Tandem mass spectrometric determination of atypical 3β-hydroxy-Δ5-bile acids in patients with 3β-hydroxy-Δ5-C27-steroid oxidoreductase deficiency: application to diagnosis and monitoring of bile acid therapeutic response.

BACKGROUND: 3β-Hydroxy-Δ(5)-C27-steroid oxidoreductase (HSD3B7) deficiency, a progressive cholestatic liver disease, is the most common genetic defect in bile acid synthesis. Early diagnosis is important because patients respond to oral primary bile acid therapy, which targets the negative feedback regulation for bile acid synthesis to reduce the production of hepatotoxic 3β-hydroxy-Δ(5)-bile acids. These atypical bile acids are highly labile and difficult to accurately measure, yet a method for accurate determination of 3β-hydroxy-Δ(5)-bile acid sulfates is critical for dose titration and monitoring response to therapy.

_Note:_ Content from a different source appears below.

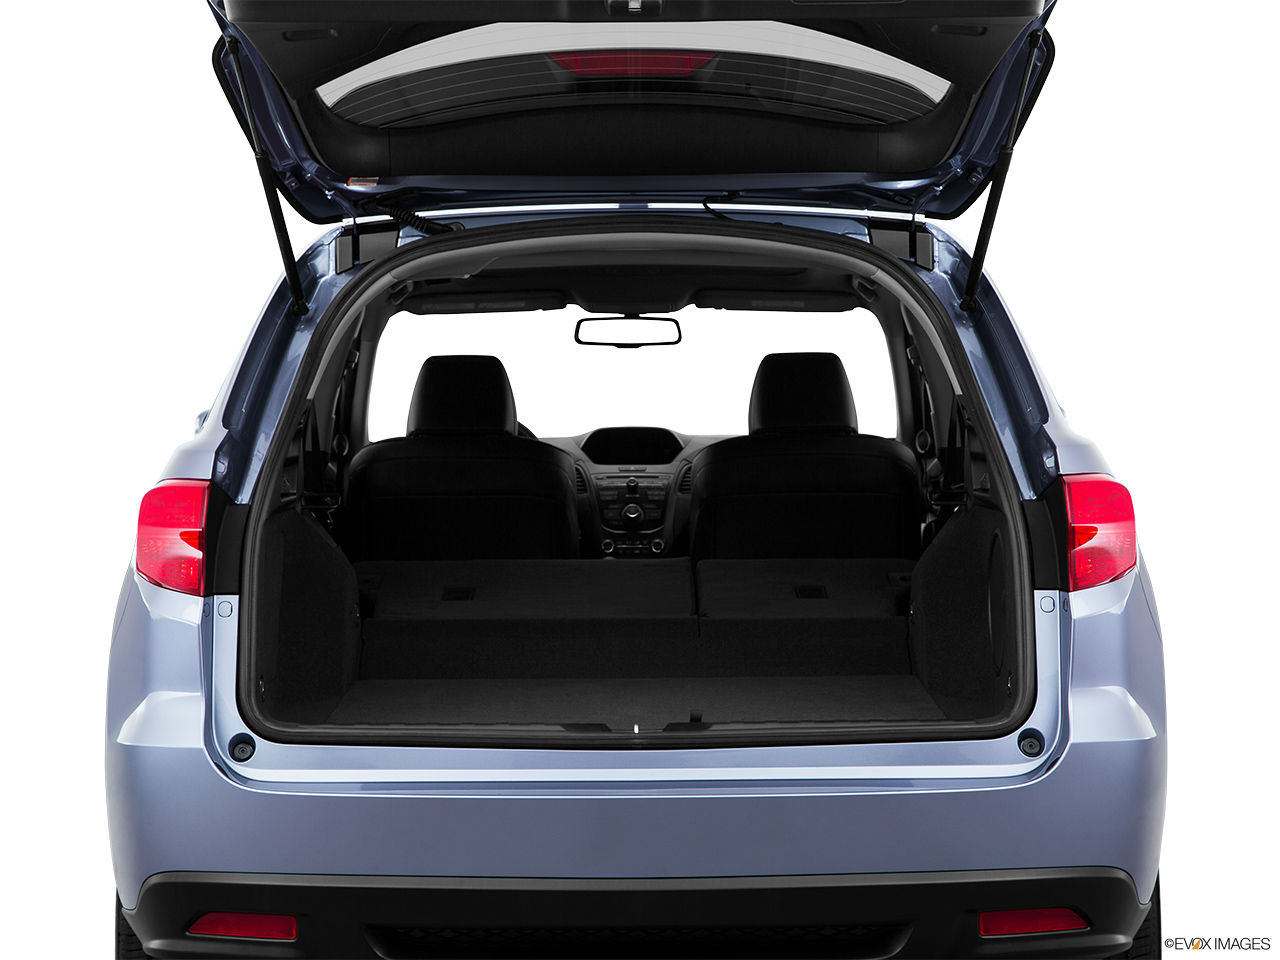 2015 Acura RDX AWD Hatchback & SUV rear angle.

METHODS: We describe a electrospray ionization LC-MS/MS method for the direct measurement of atypical 3β-hydroxy-Δ(5)-bile acid sulfates in urine from patients with HSD3B7 deficiency that overcomes the deficiencies of previously used GC-MS methods.
RESULTS: Separation of sulfated 3β-hydroxy-Δ(5)-bile acids was achieved by reversed-phase HPLC in a 12-min analytical run. The mean (SE) urinary concentration of the total 3β-sulfated-Δ(5)-cholenoic acids in patients with HSD3B7 deficiency was 4650 (1711) μmol/L, approximately 1000-fold higher than in noncholestatic and cholestatic patients with intact primary bile acid synthesis. GC-MS was not reliable for measuring 3β-hydroxy-Δ(5)-bile acid sulfates; however, direct analysis of urine by fast atom bombardment mass spectrometry yielded meaningful semiquantitative assessment of urinary excretion.
CONCLUSIONS: The tandem mass spectrometry method described here for the measurement of 3β-hydroxy-Δ(5)-bile acid sulfates in urine can be applied to the diagnosis and accurate monitoring of responses to primary bile acid therapy in HSD3B7 patients.